2. En una celebración jubilar tan significativa, considero que es en verdad justo y necesario comprender cada vez más profundamente el valor de la vocación, que es un don de Dios que ha de hacerse fructificar viviendo “la radicalidad de la pobreza, unida a la confianza total en la Providencia divina”, fruto del encuentro personal y comunitario con el Señor en el desierto de la vida (cf. Os 2, 16). En el convento de san Damián, Clara practicó de modo heroico las virtudes que deberían distinguir a todo cristiano: la humildad, el espíritu de piedad y de penitencia, y la caridad. Aunque era la superiora, ella quería servir personalmente a las hermanas enfermas, dedicándose incluso a tareas muy humildes, pues la caridad supera toda resistencia y quien ama hace todos los sacrificios con alegría.

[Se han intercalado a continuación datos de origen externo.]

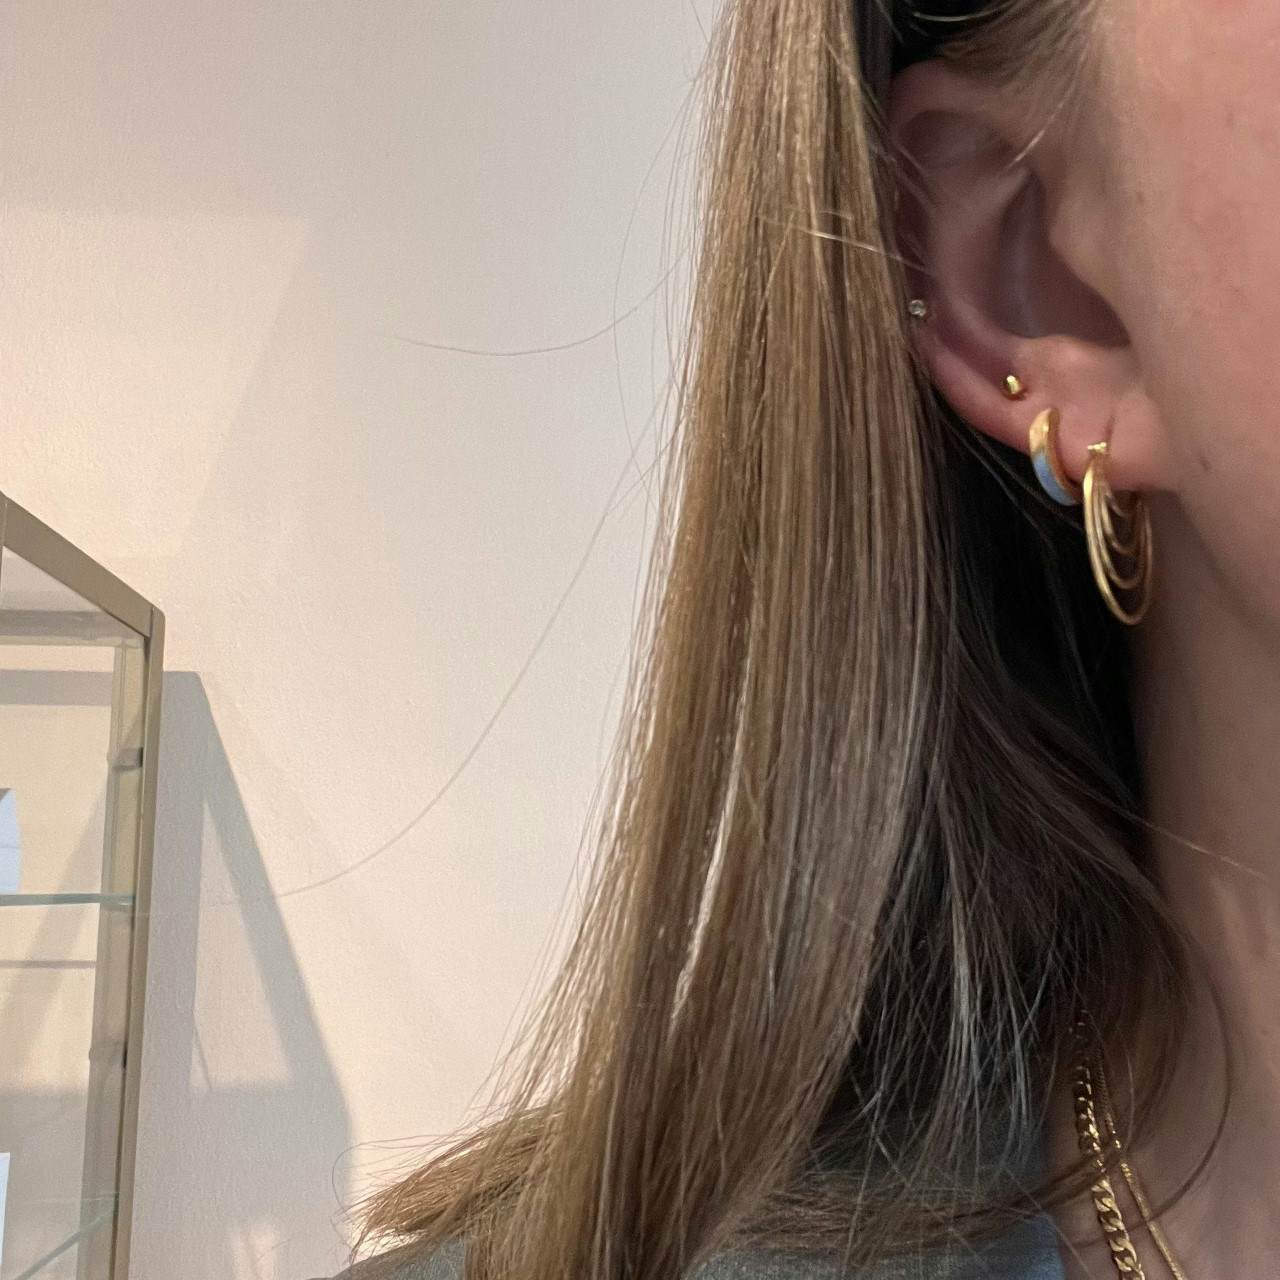 Silhouette Earrings von Pernille Corydon in Silber Sterling 925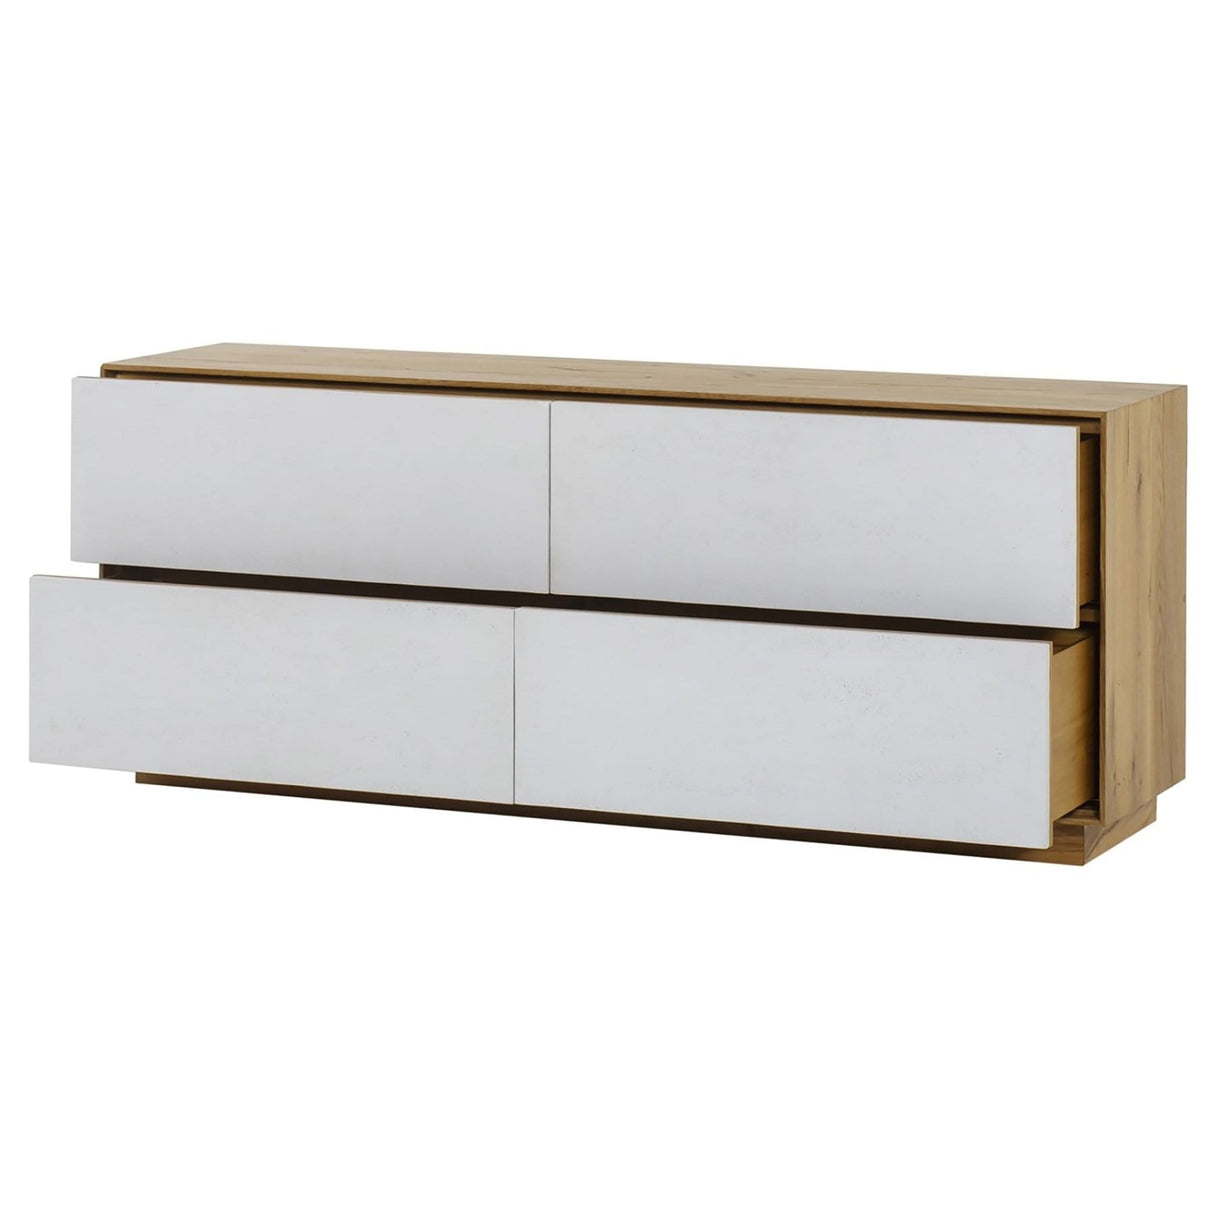 Thomas Bina Sands 4-Drawer Dresser Furniture thomas-bina-0704332

3. En la liturgia de la palabra de esta hermosa celebración hemos escuchado el texto comúnmente conocido como “la parábola de la vid y los sarmientos” (cf. Jn 15,4-10). Pensando en santa Clara y en su obra hoy que celebramos 800 años de su existencia, podemos comprender lo que significa vivir como sarmientos de la verdadera vid, que es Cristo, y dar fruto. El evangelio de hoy nos evoca la imagen de esa planta, que en Oriente crece lozana y es símbolo de fuerza y vida, y también una metáfora de la belleza y el dinamismo de la comunión de Jesús con sus discípulos y amigos, con nosotros. En la parábola de la vid, Jesús no dice: “Ustedes son la vid”, sino: “Yo soy la vid, ustedes los sarmientos” (Jn 15, 5). Y esto significa: “Así como los sarmientos están unidos a la vid, de igual modo ustedes me pertenecen. Pero, perteneciendo a mí, pertenecen también unos a otros”. Y este pertenecerse uno a otro y a Él, no entraña un tipo cualquiera de relación teórica, imaginaria, simbólica, sino –casi me atrevería a decir– un pertenecer a Jesucristo en sentido biológico, plenamente vital. La Iglesia es esa comunidad de vida con Jesucristo y de uno para con el otro, que está fundada en el Bautismo y se profundiza cada vez más en la Eucaristía. “Yo soy la verdadera vid”; pero esto significa en realidad: “Yo soy ustedes y ustedes son yo”; una identificación inaudita del Señor con nosotros, con su Iglesia.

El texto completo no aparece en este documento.